#### [DATA SECTION]
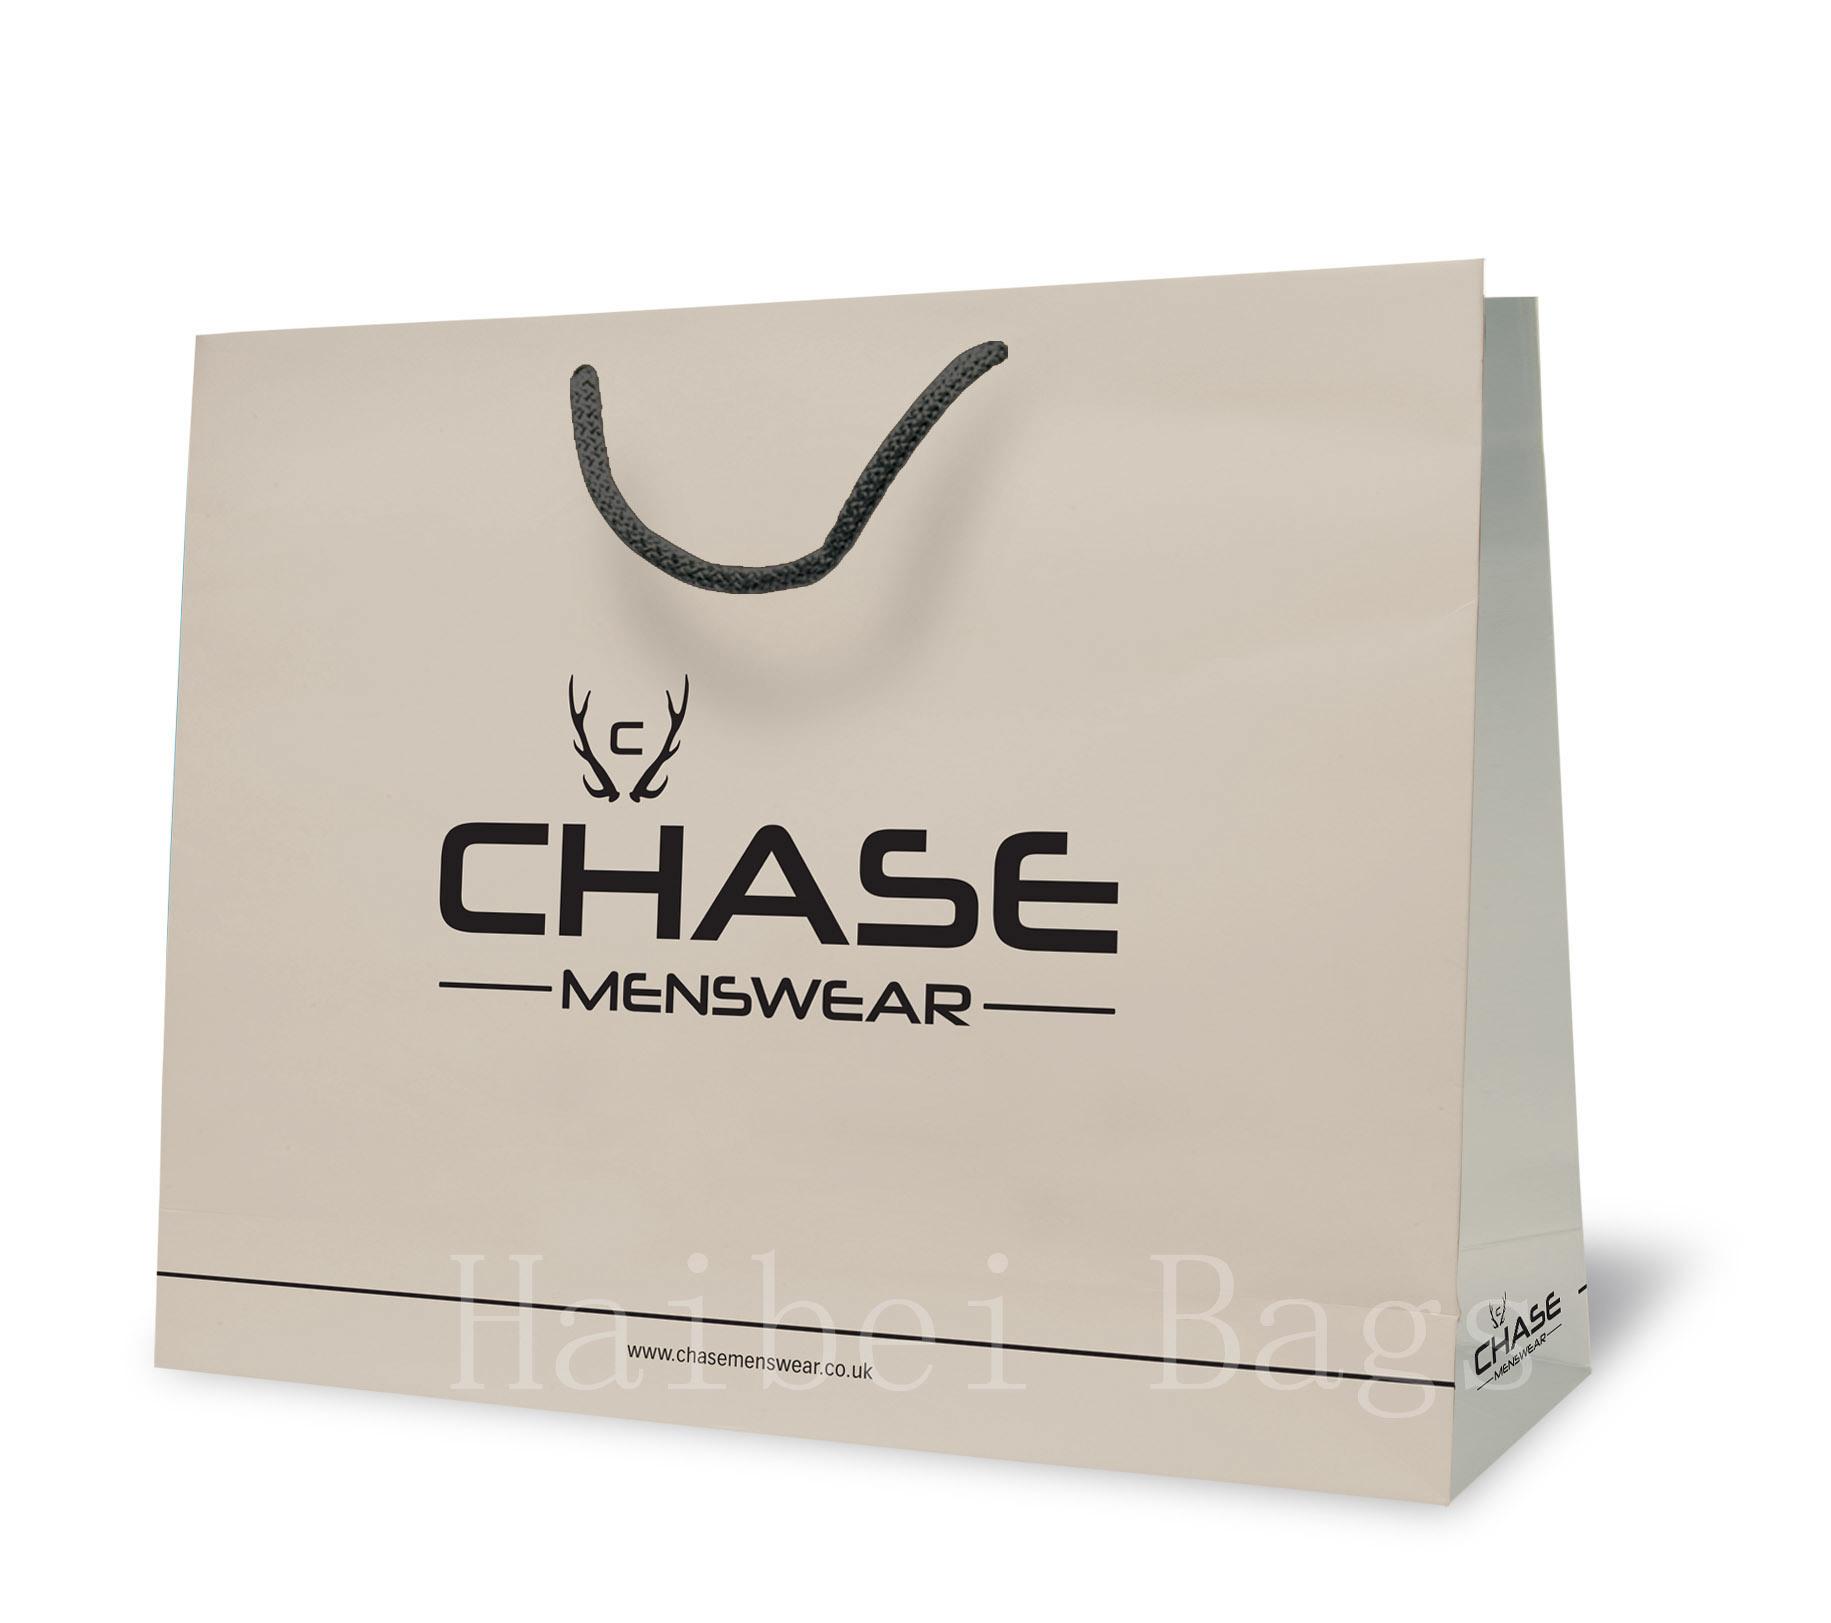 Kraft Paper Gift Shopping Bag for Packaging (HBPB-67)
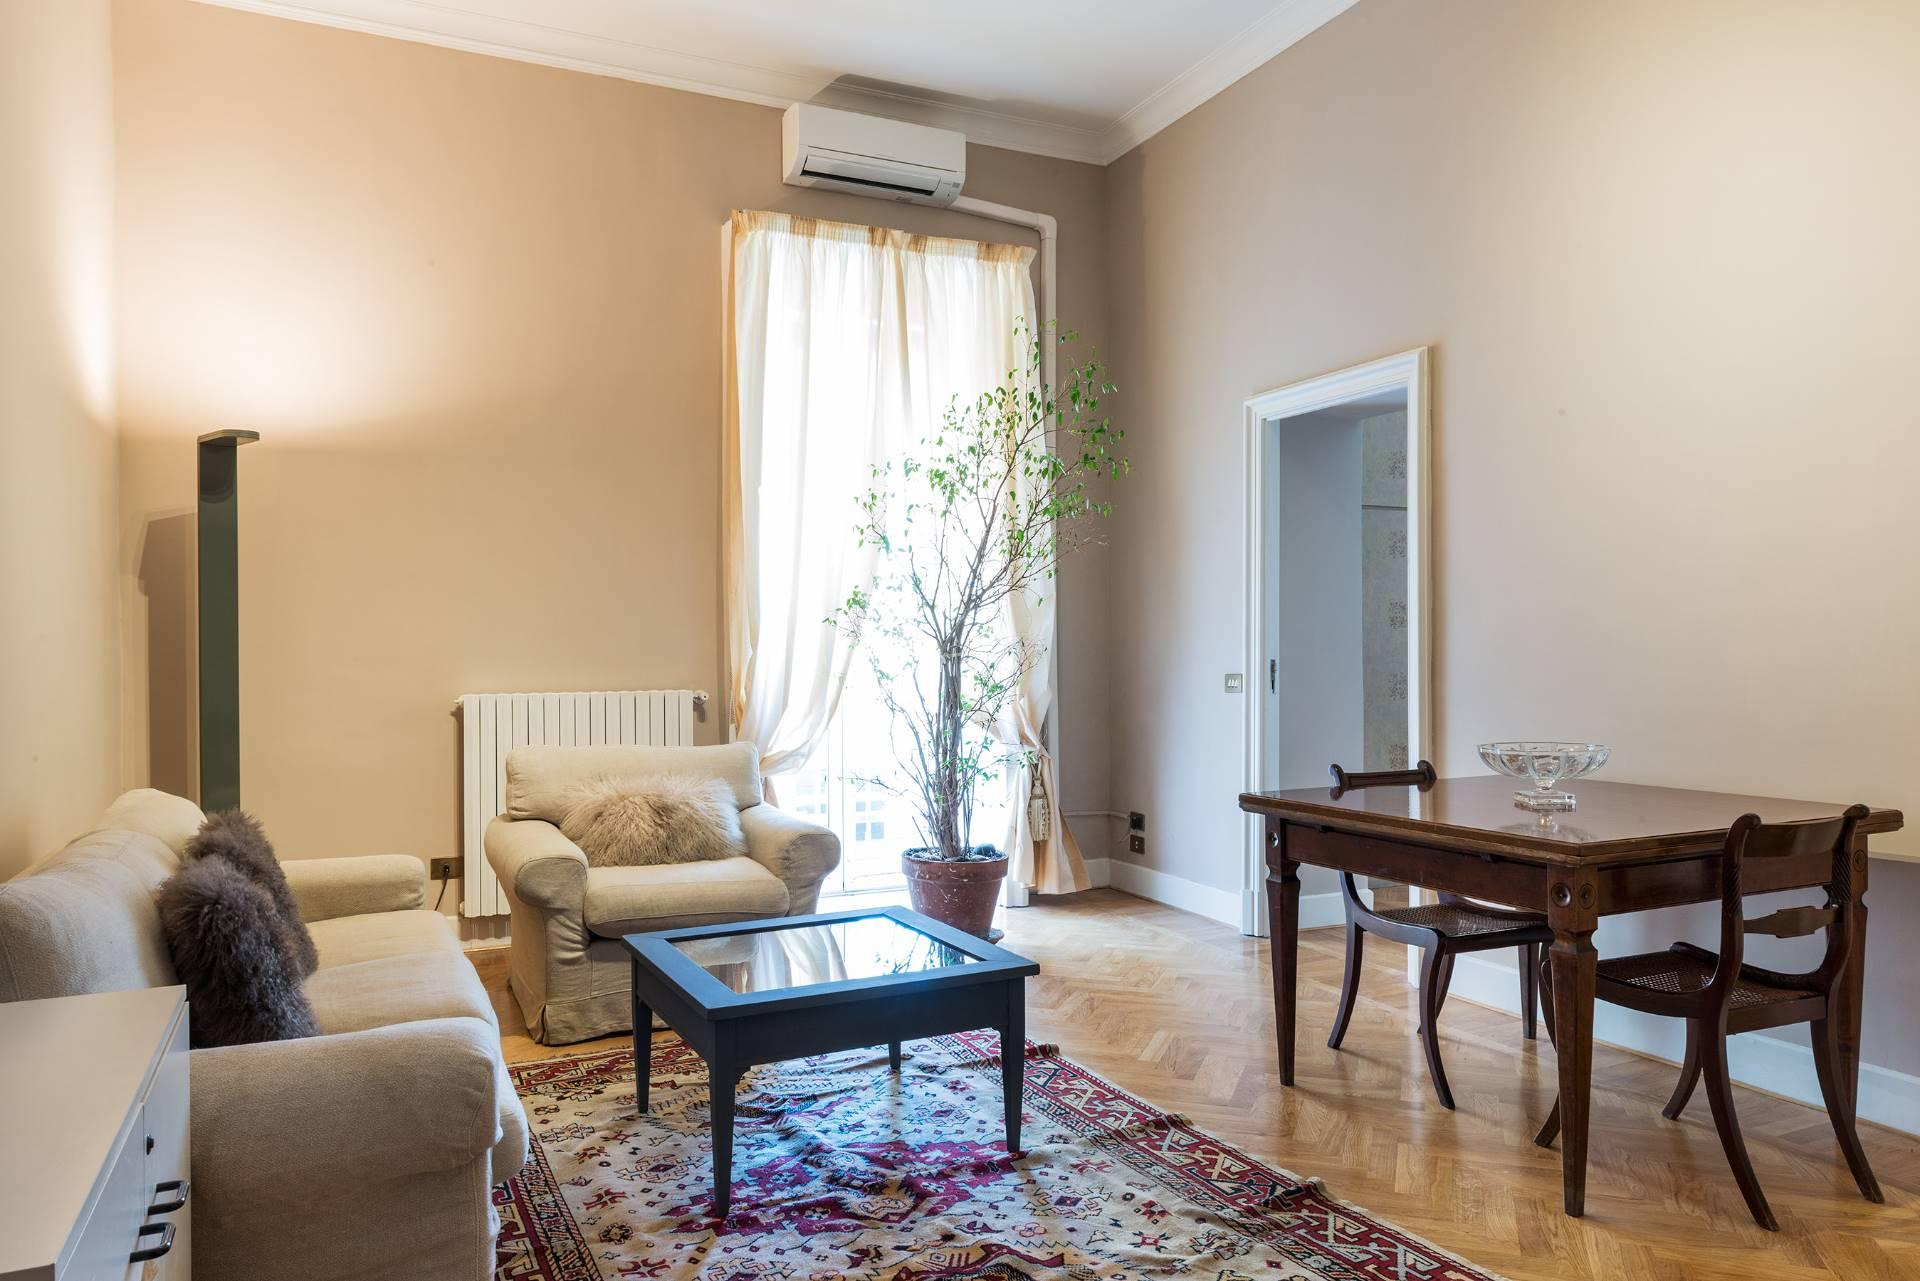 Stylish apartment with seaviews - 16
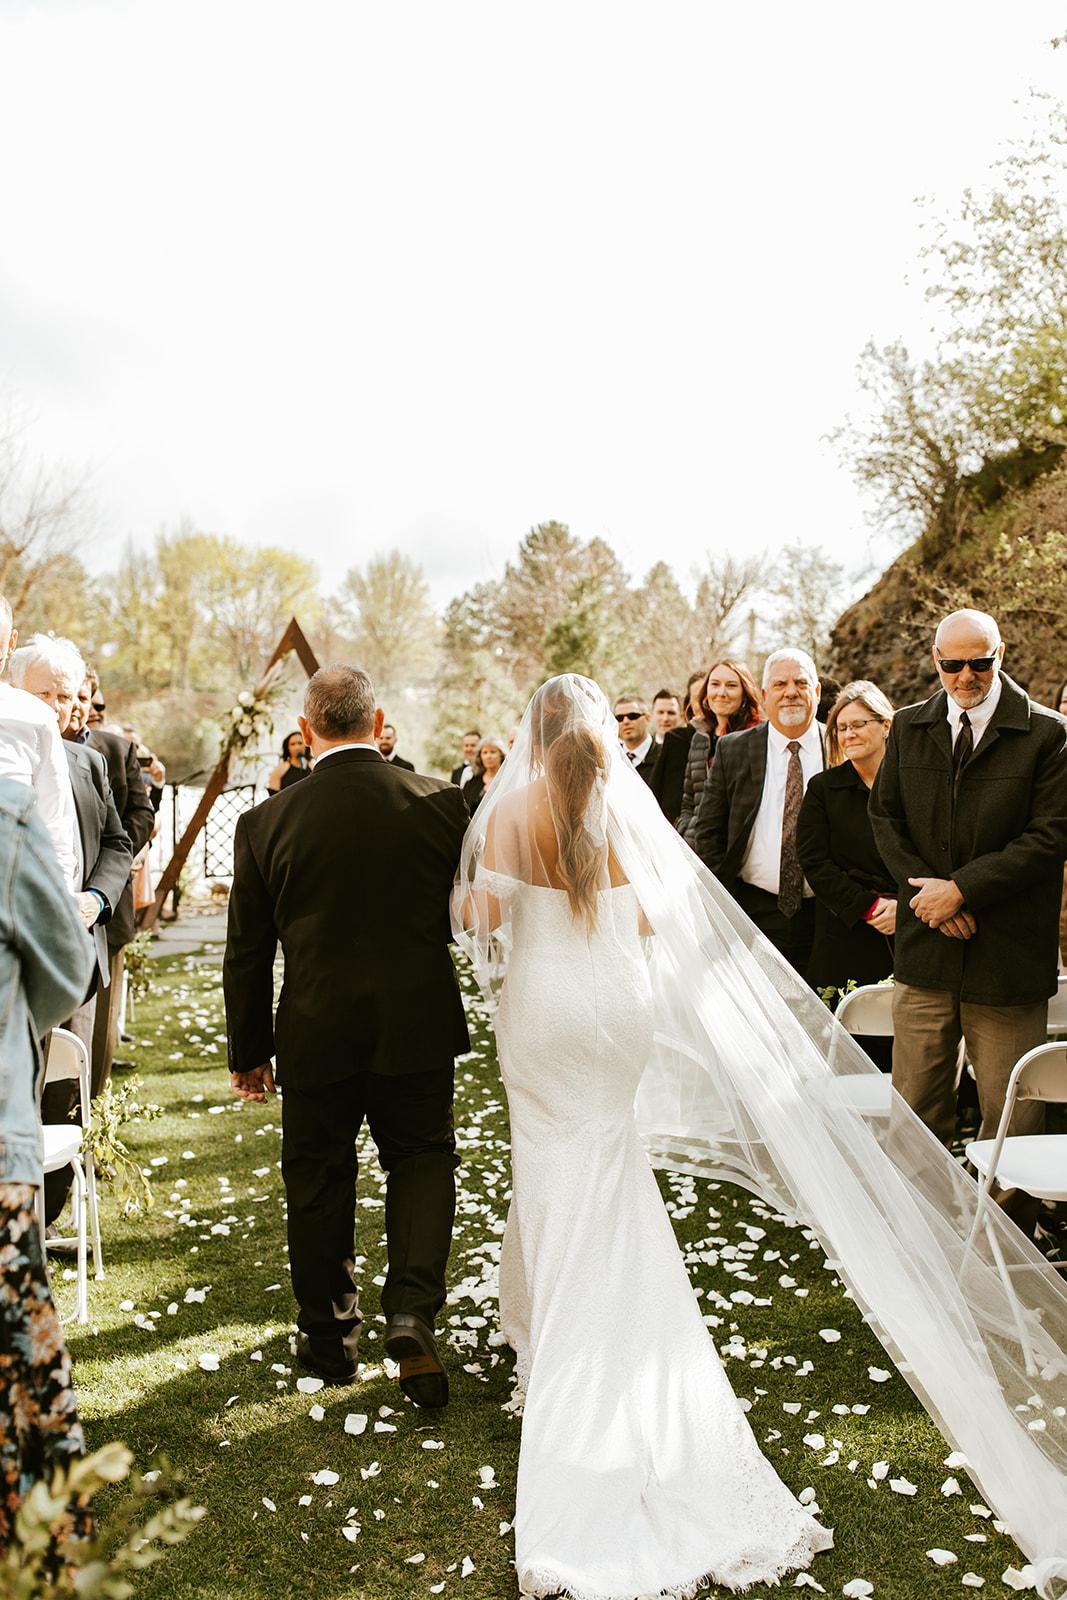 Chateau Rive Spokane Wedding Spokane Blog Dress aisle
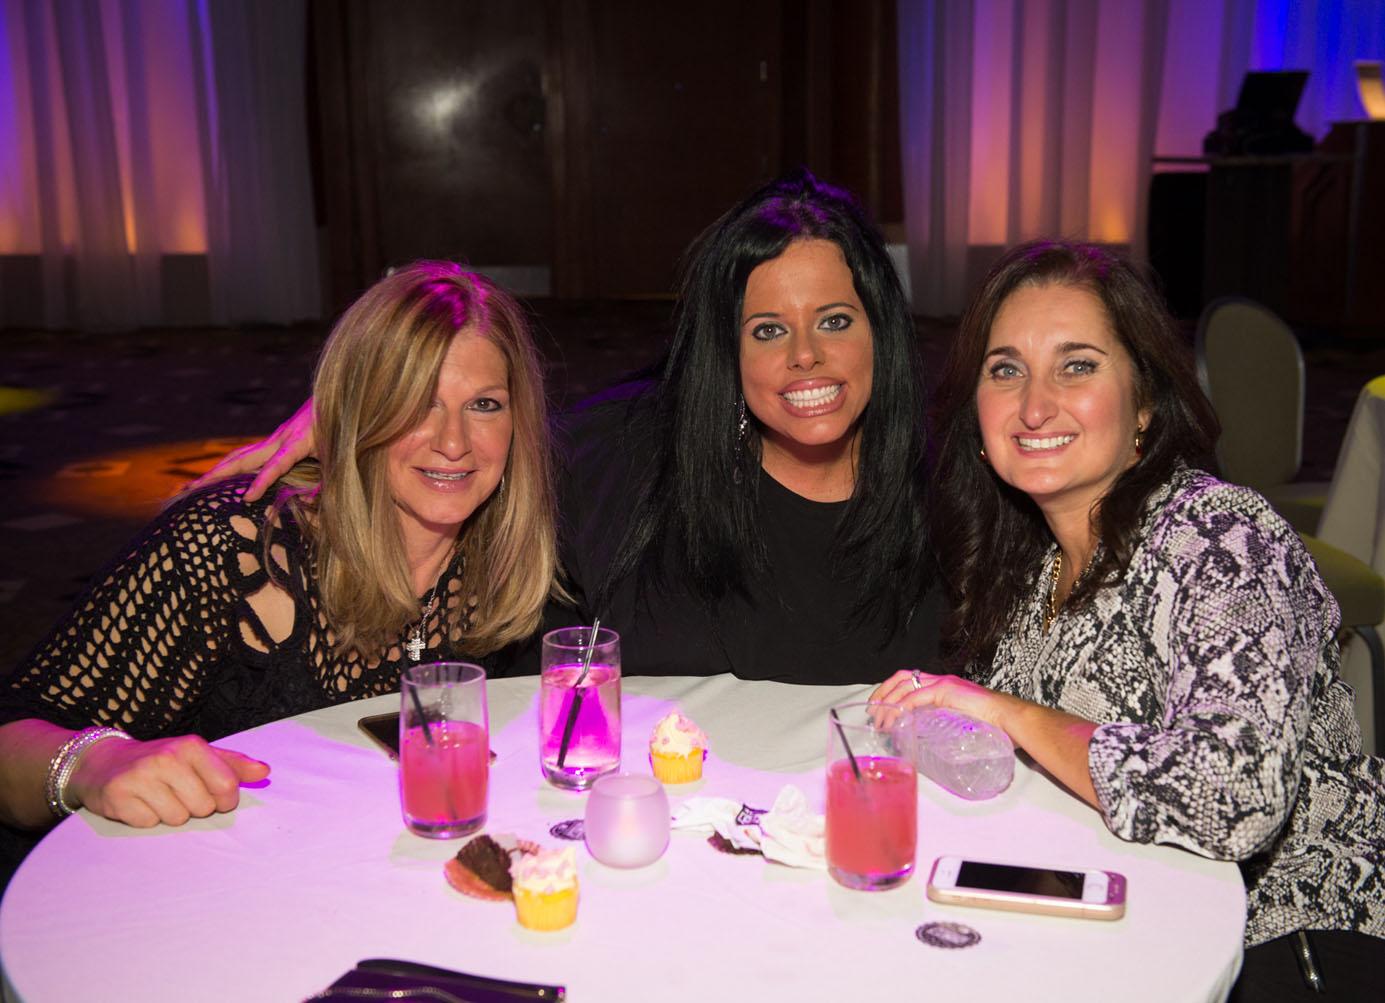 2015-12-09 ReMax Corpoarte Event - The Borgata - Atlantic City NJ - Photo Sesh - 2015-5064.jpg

#### [WHAT IS BEING ASKED]
Are you able to set down all the lines above exactly, without any pictures?

#### [RESPONSE AREA]
 Kraft Paper Gift Shopping Bag for Packaging (HBPB-67)
 Stylish apartment with seaviews - 16
 Chateau Rive Spokane Wedding Spokane Blog Dress aisle
 2015-12-09 ReMax Corpoarte Event - The Borgata - Atlantic City NJ - Photo Sesh - 2015-5064.jpg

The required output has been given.